High confidence is possible only for a small proportion of these alignments, i.e. the alignment has a % identity higher than 50% within an alignment longer than 50% of the length of the target sequence. Of the 5139 sheep lncRNAs that could be aligned to any species, only 293 (5.7%) could be aligned with high confidence to goat and 265 (5.2%) to cattle transcripts. Similarly, of the sheep lncRNAs that could be aligned to either of two human lncRNA databases—NONCODE [75] and lncRNAdb [76]—68 (1.6% of the total alignable lncRNA) aligned with high confidence to the NONCODE database, and none to the lncRNAdb. Similar findings are observed with the 2657 shortlisted goat lncRNAs: 1343 (50.5%) had a detectable pairwise alignment, of any quality, to either set of sheep, cattle or human lncRNAs. However, of these 1343 lncRNAs, only 113 (8.4%) aligned with high confidence to sheep, 88 (6.6%) to cattle, 55 (4.1%) to the human NONCODE database, and 1 (0.1%) to the human lncRNAdb database (Fig. 1 and Table S11 [see Additional file 2: Table S11]). These observations allow for two possibilities. First, lncRNAs may, in general, be poorly conserved at the sequence level, which is consistent with previous findings [18, 19] and the observation that only 6% of the sheep/goat alignments have more than 50% reciprocal identity. However, an alternative is that in spite of the apparent depth of coverage, we have only assembled a subset of the total lncRNA transcriptome in each species.

lncRNAs not captured by the RNA-seq libraries of one species can be found using data from a related species

A reasonable a priori prediction is that lncRNAs conserved in a closely related species—which are more likely to be functionally relevant—are also more similarly expressed. Whereas human and mouse lncRNAs identified as full length cDNAs were generally less conserved between species than the 5′ and 3′UTR of protein-coding transcripts, their promoters were more highly conserved than those of protein-coding transcripts, some extending as far as chicken [44, 91]. These findings suggested that the large majority of lncRNAs that were analyzed displayed positional conservation across species. Accordingly, rather than comparing the similarity of two sets of lncRNA transcripts, we mapped the lncRNAs assembled in one species (e.g. sheep) to the genome of another (e.g. goat), deriving confidence in the mapping location from synteny.

For each of the pairwise sheep/cattle, sheep/goat, cattle/goat, sheep/human, goat/human, and cattle/human comparisons, we identified sets of syntenic blocks: regions in the genome where gene order is conserved both up- and downstream of a focal gene (see Table 1 and the “Methods” section).

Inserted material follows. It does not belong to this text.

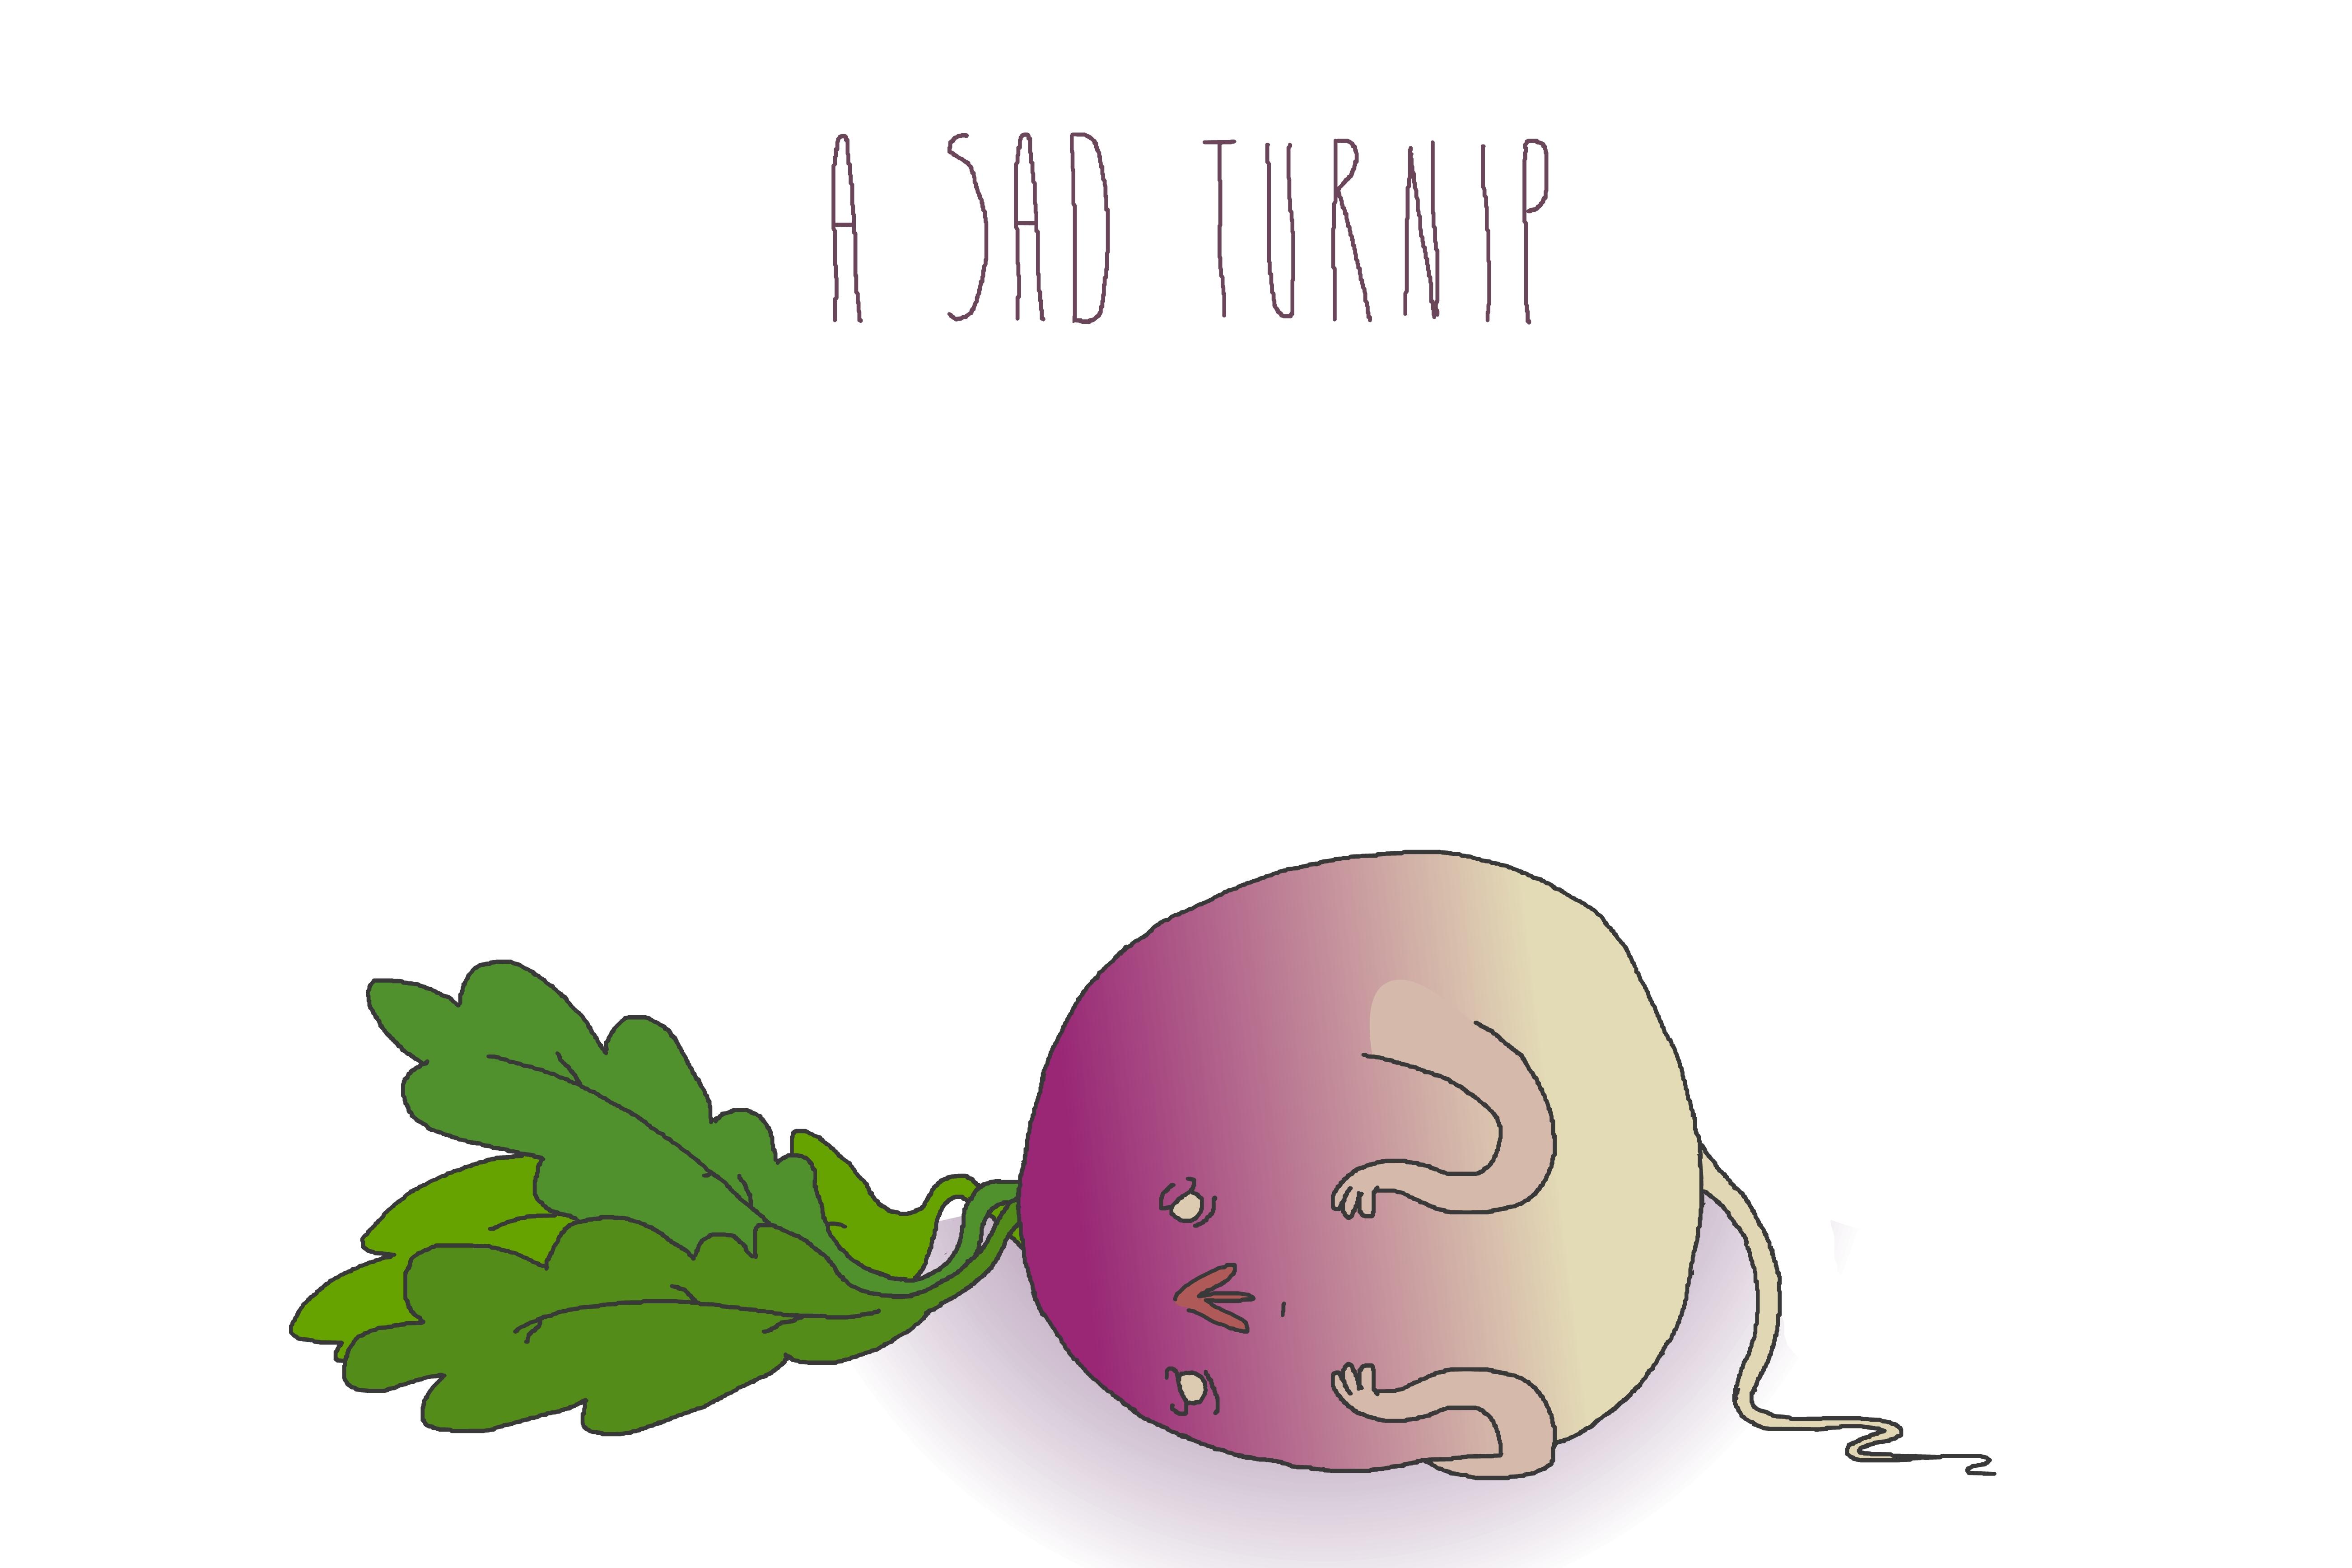 Sad Turnip
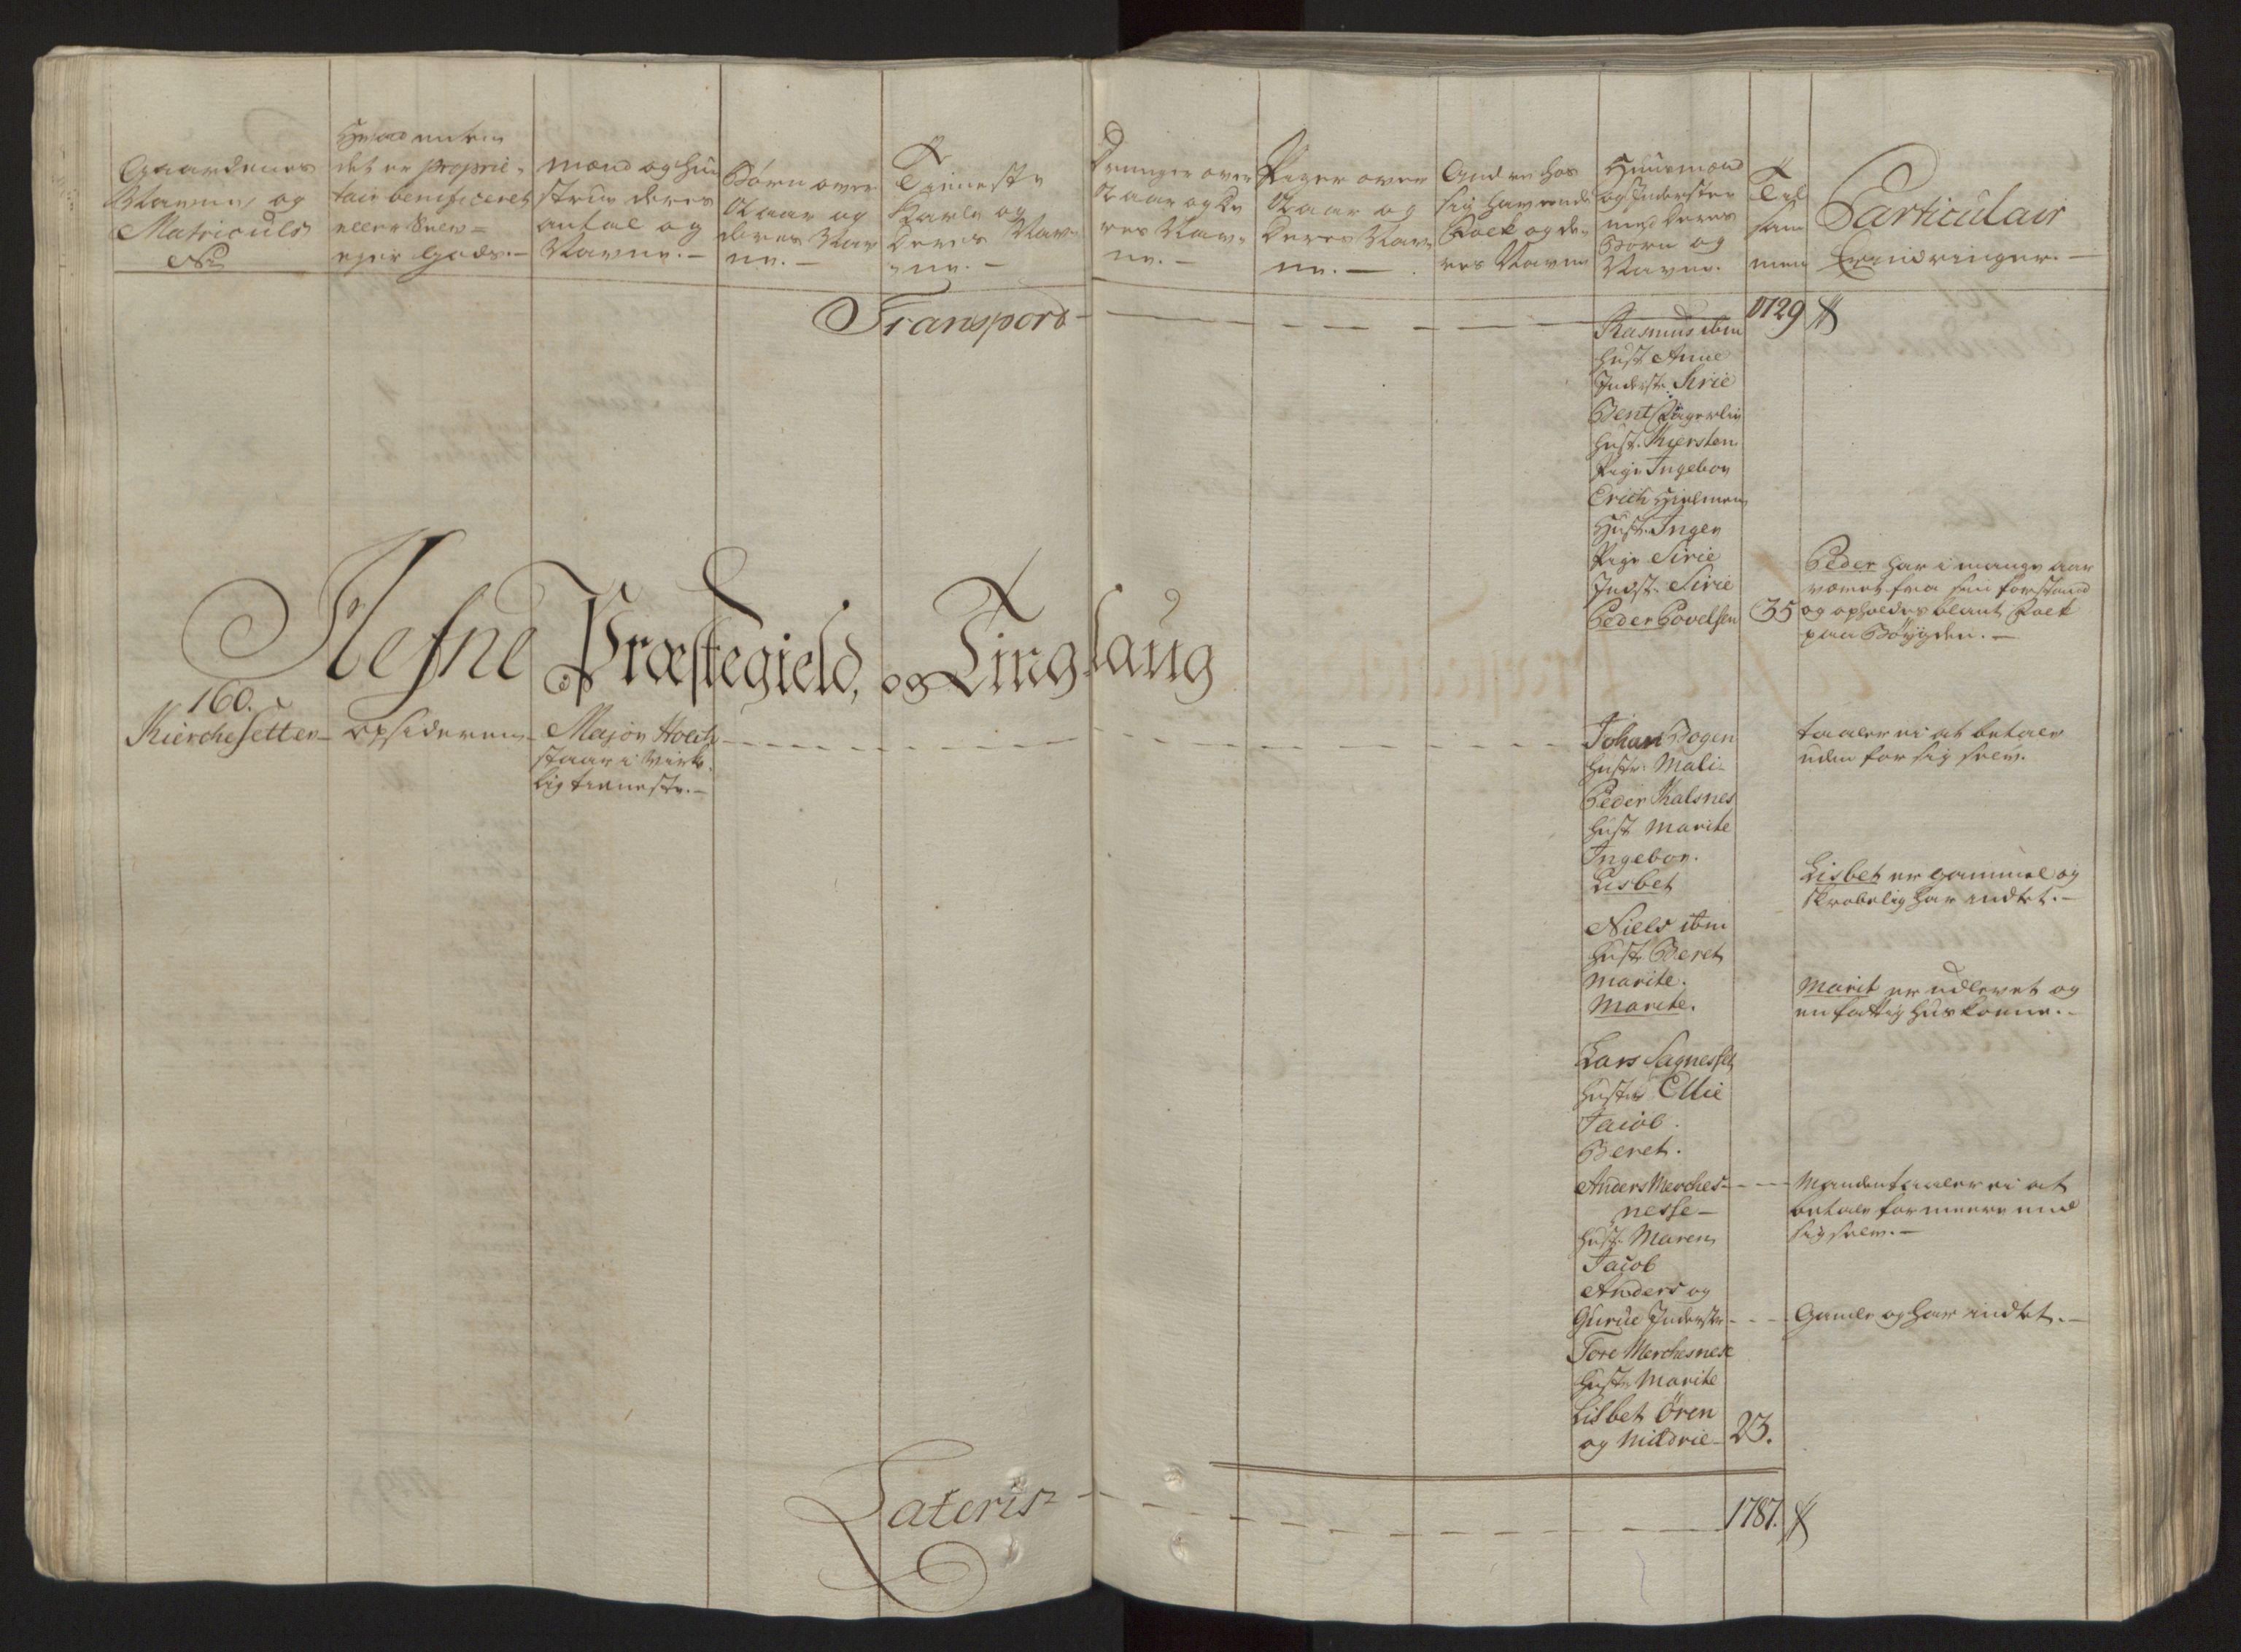 RA, Rentekammeret inntil 1814, Reviderte regnskaper, Fogderegnskap, R57/L3930: Ekstraskatten Fosen, 1762-1763, s. 47

Table 1 Comparatively few lncRNAs appear positionally conserved, suggesting minimal overlap between each species’ set of transcripts

In the sheep/cattle comparison, approximately 5% of the syntenic blocks contain at least one lncRNA with a relative position conserved in both species, either upstream (n = 139 lncRNAs) or downstream (n = 141) of the central gene in each block [see Additional file 3: Table S12]. In the sheep/goat and cattle/goat comparisons, respectively, approximately 2 and 3% of the syntenic blocks contain a lncRNA (for sheep/goat, n = 42 upstream, 40 downstream; for cattle/goat, 86 upstream, 83 downstream) [see Additional file 3: Tables S13 and S14]. With increased species divergence, far fewer lncRNAs have relative positions conserved in either the upstream or downstream positions of the sheep/human, goat/human and cattle/human syntenic blocks (typically, < 1% of the syntenic blocks contain a lncRNA) [see Additional file 3: Tables S15, S16 and S17]. These comparatively small proportions highlight the minimal overlap between each set of assembled transcripts, which is consistent with stochastic assembly—lncRNAs expected to be present in a particular location are captured in only one species, not both. As such, very few lncRNAs in either of the sheep, goat and cattle subsets have evidence of both shared sequence homology and conserved synteny. When comparing sheep and cattle, 16 unique lncRNAs have high-confidence pairwise alignments within a region of conserved synteny, and six when comparing sheep and goat [see Additional file 3: Table S18].

In most of the syntenic blocks examined, if a lncRNA was detected in one location in one species (either up- or downstream of a focal gene), no corresponding assembled lncRNA was annotated in the species used for comparison, although for both species a similar range of tissues was sequenced. For example, of the 2927 syntenic blocks in the sheep/cattle comparison, 347 (12%) of the sheep blocks, and 506 (17%) of the cattle blocks, contain a lncRNA in the ‘upstream’ position (that is, between genes 1 and 2), with little overlap between the two species: in only 139 blocks (5%) is a lncRNA present in this position in both species [see Additional file 3: Table S12]. Similar results are found if the ‘downstream’ position is considered, as well as the sheep/goat, goat/cattle, sheep/human, goat/human and cattle/human comparisons: approximately 2 to 5 times as many lncRNAs are found in either of the two species than are found in both [see Additional file 3: Tables S13, S14, S15, S16 and S17].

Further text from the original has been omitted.